INSTRUCTIONS TO FOLLOW:
Could you output each line below exactly as it appears, excluding any pictures?

COLLECTED DATA:

········

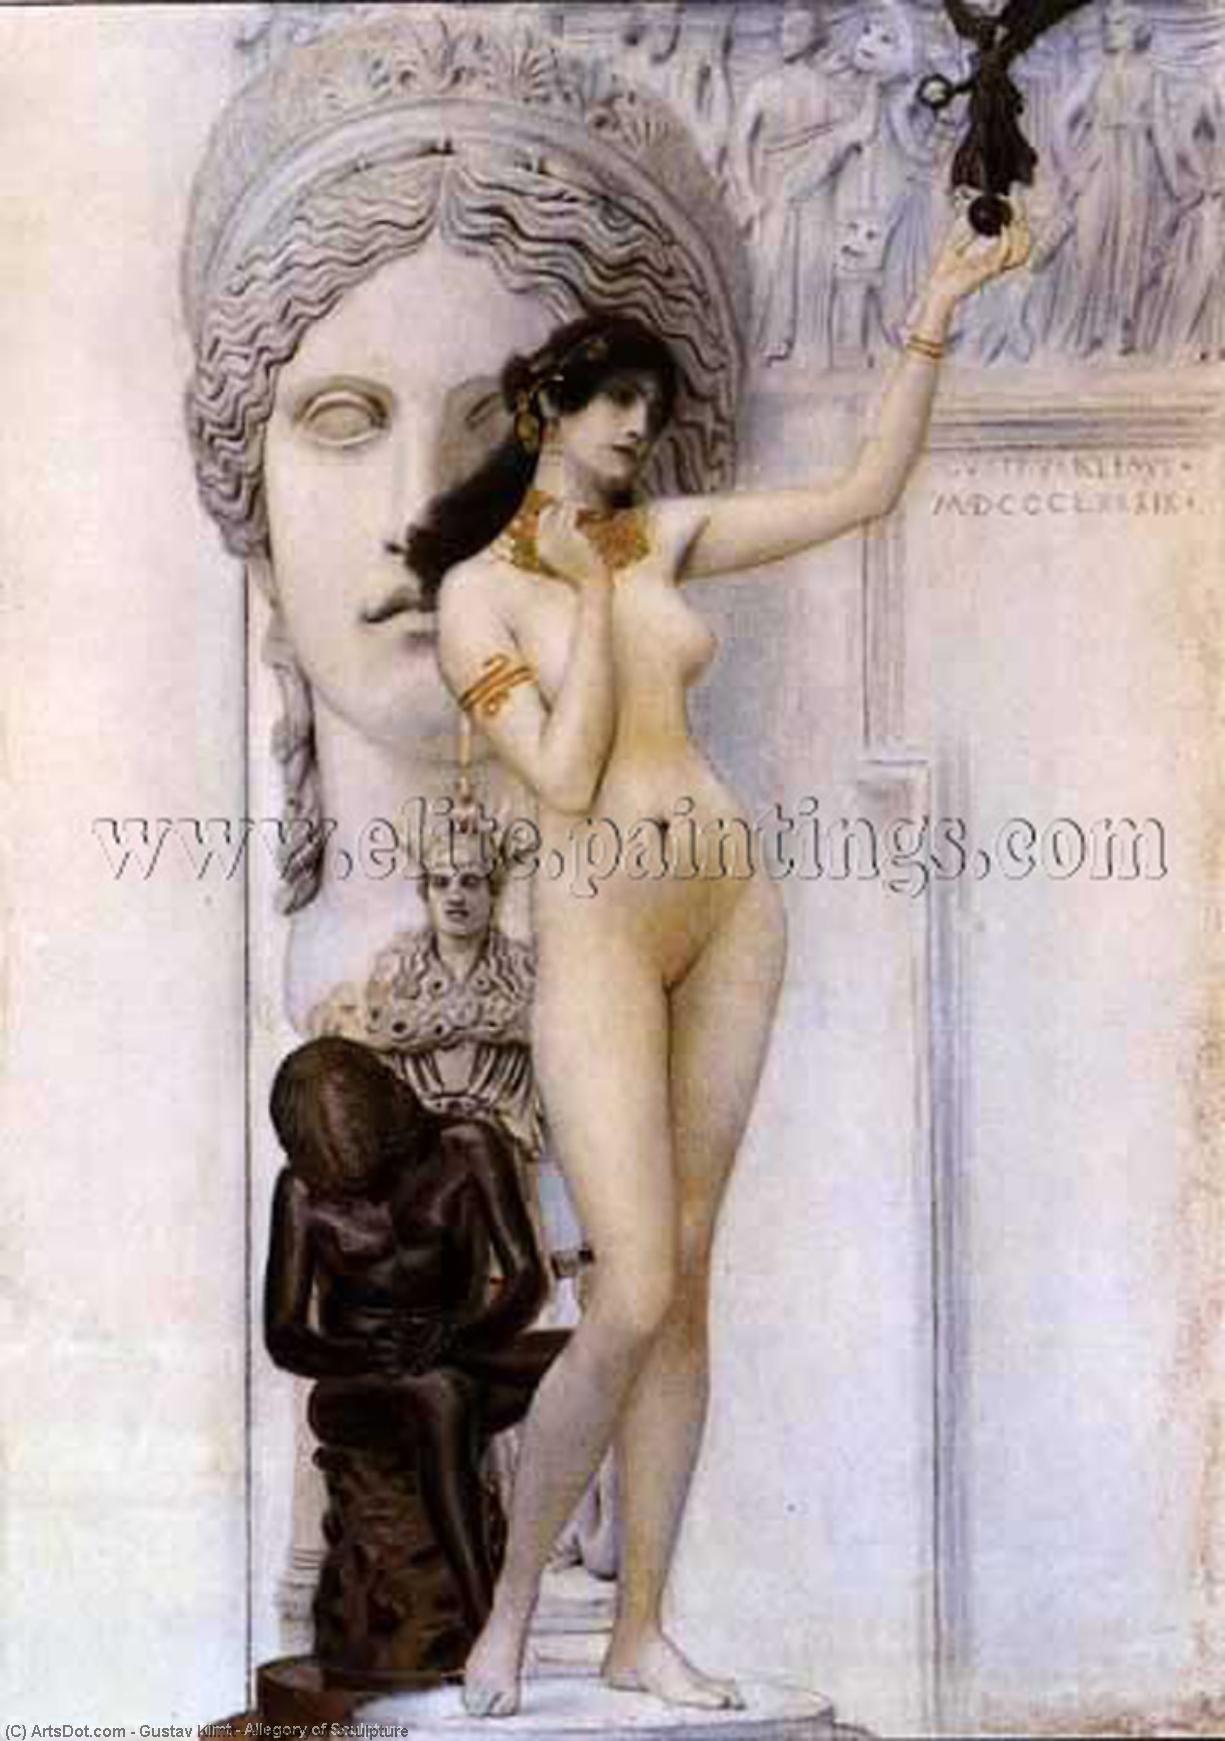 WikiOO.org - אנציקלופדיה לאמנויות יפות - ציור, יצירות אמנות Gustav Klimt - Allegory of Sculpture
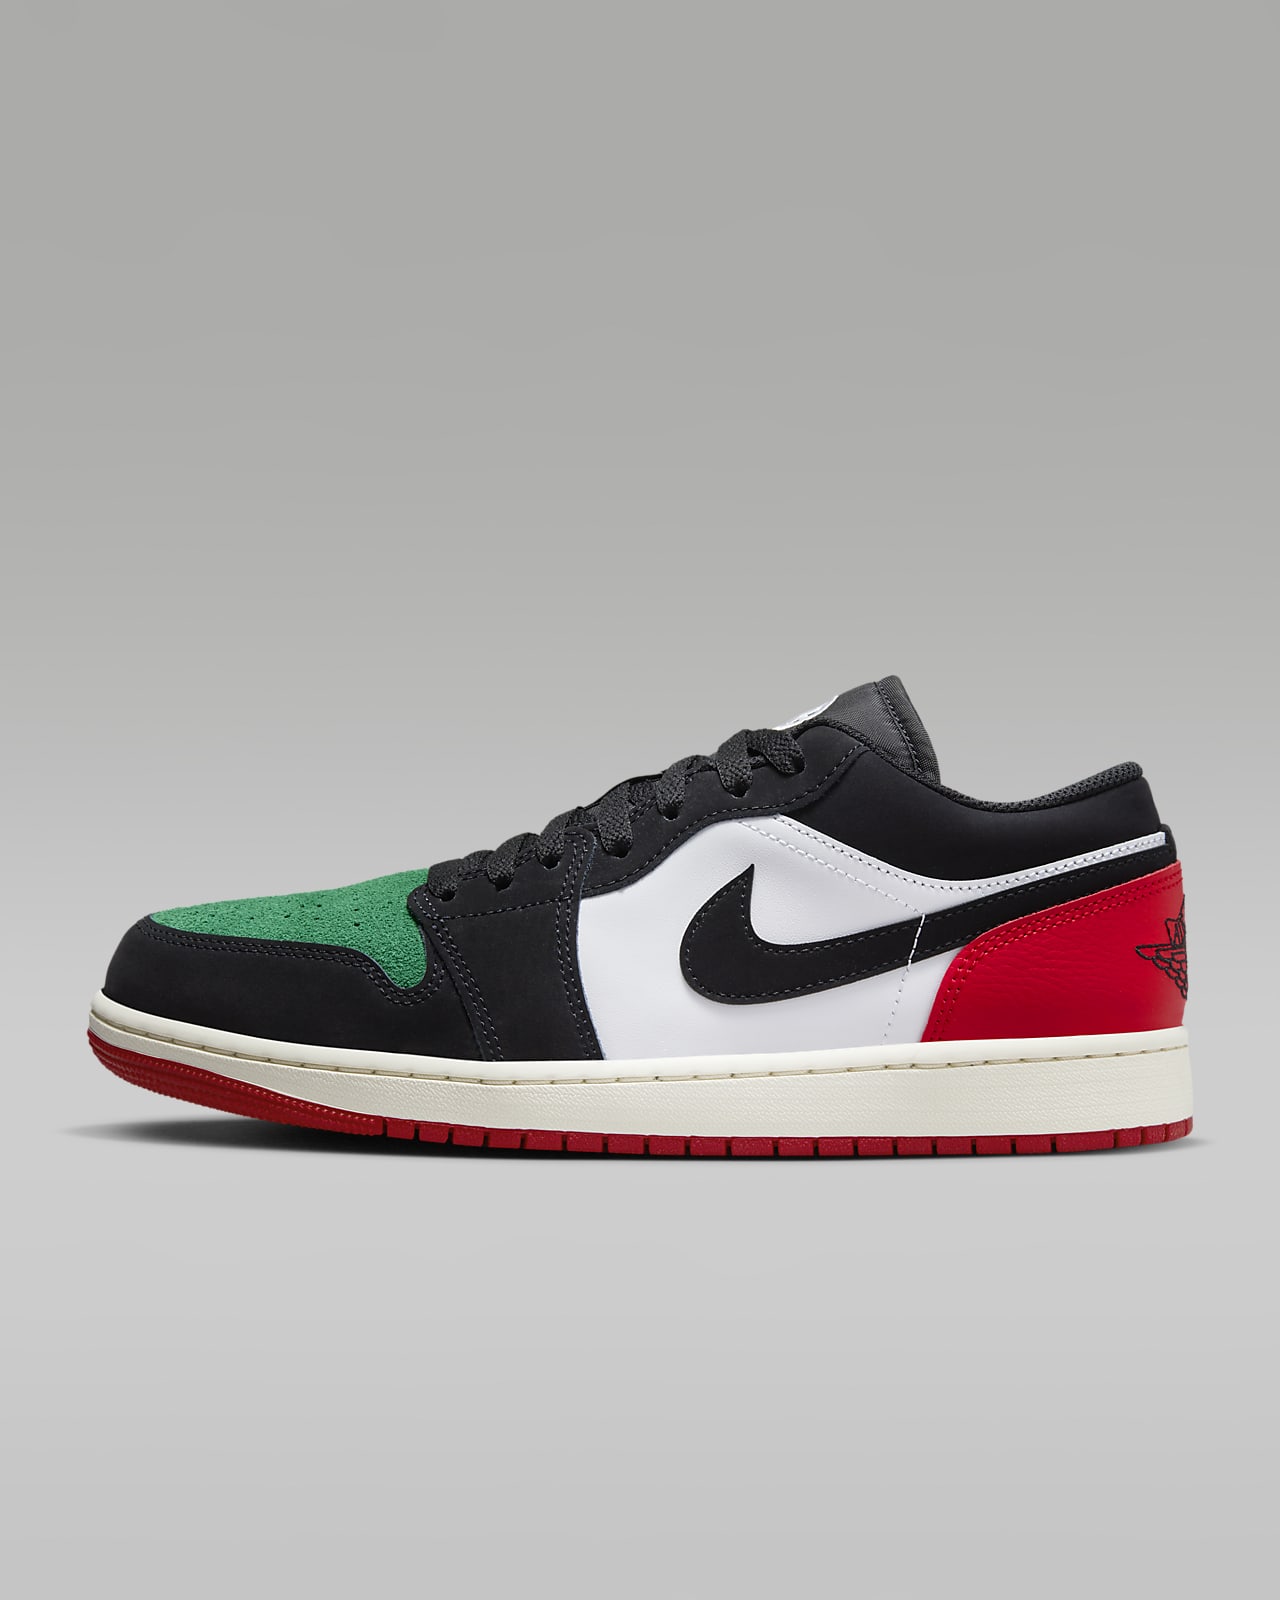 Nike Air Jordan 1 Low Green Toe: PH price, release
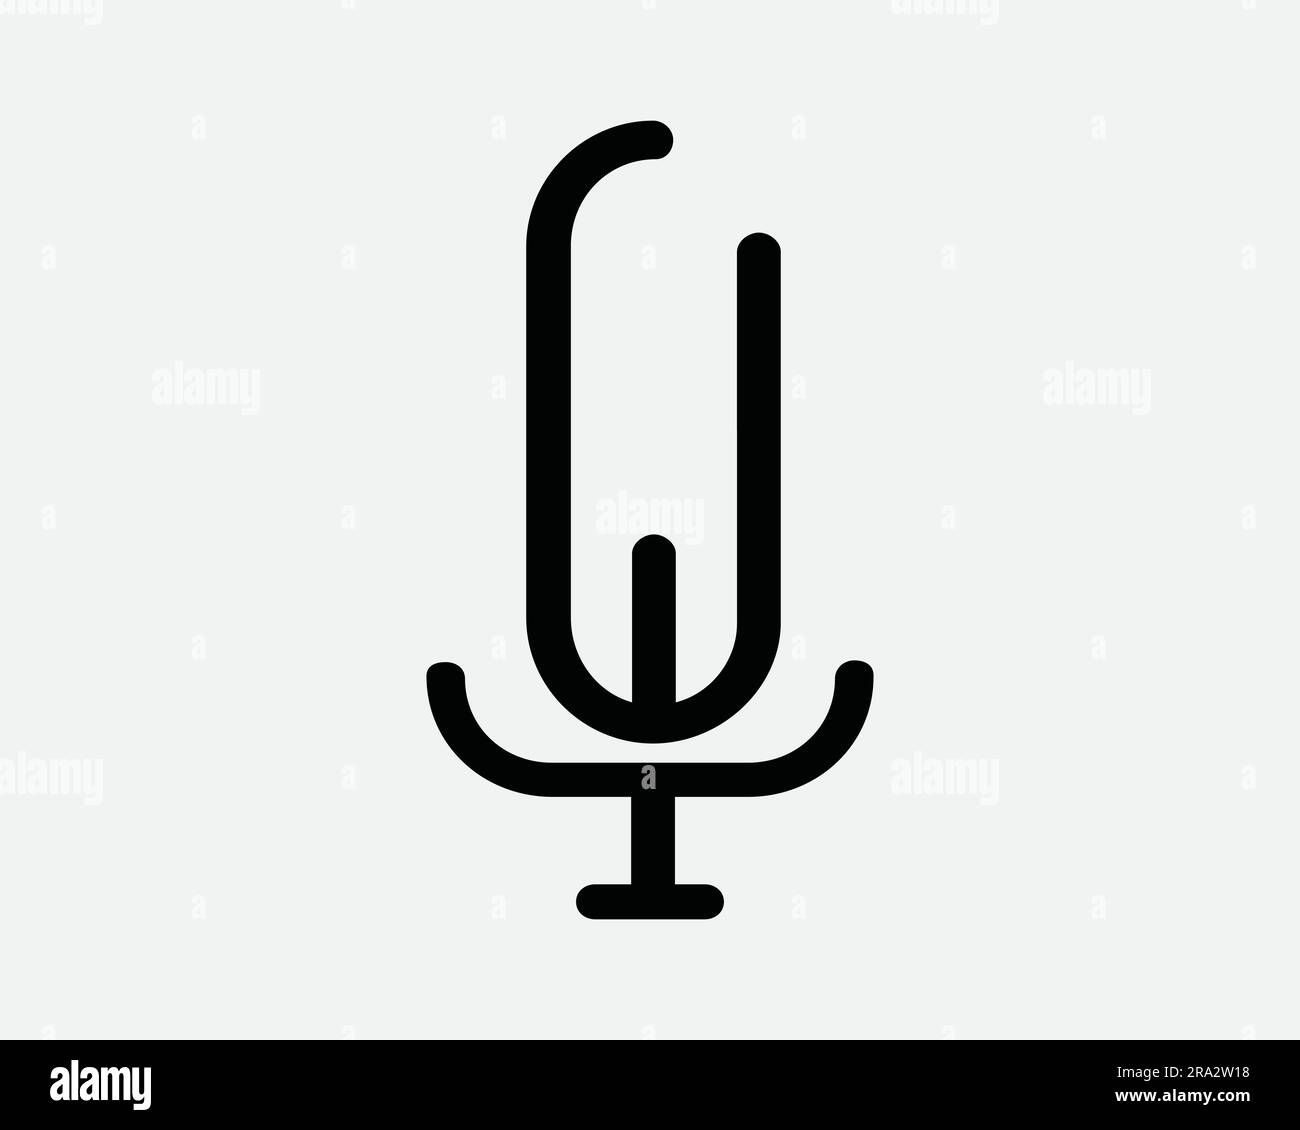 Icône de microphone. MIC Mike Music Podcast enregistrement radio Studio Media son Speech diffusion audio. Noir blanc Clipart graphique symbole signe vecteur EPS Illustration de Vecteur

········

PROBLEM SOLUTION:
 WikiOO.org - אנציקלופדיה לאמנויות יפות - ציור, יצירות אמנות Gustav Klimt - Allegory of Sculpture
 Nike Air Jordan 1 Low Green Toe: PH price, release
 Icône de microphone. MIC Mike Music Podcast enregistrement radio Studio Media son Speech diffusion audio. Noir blanc Clipart graphique symbole signe vecteur EPS Illustration de Vecteur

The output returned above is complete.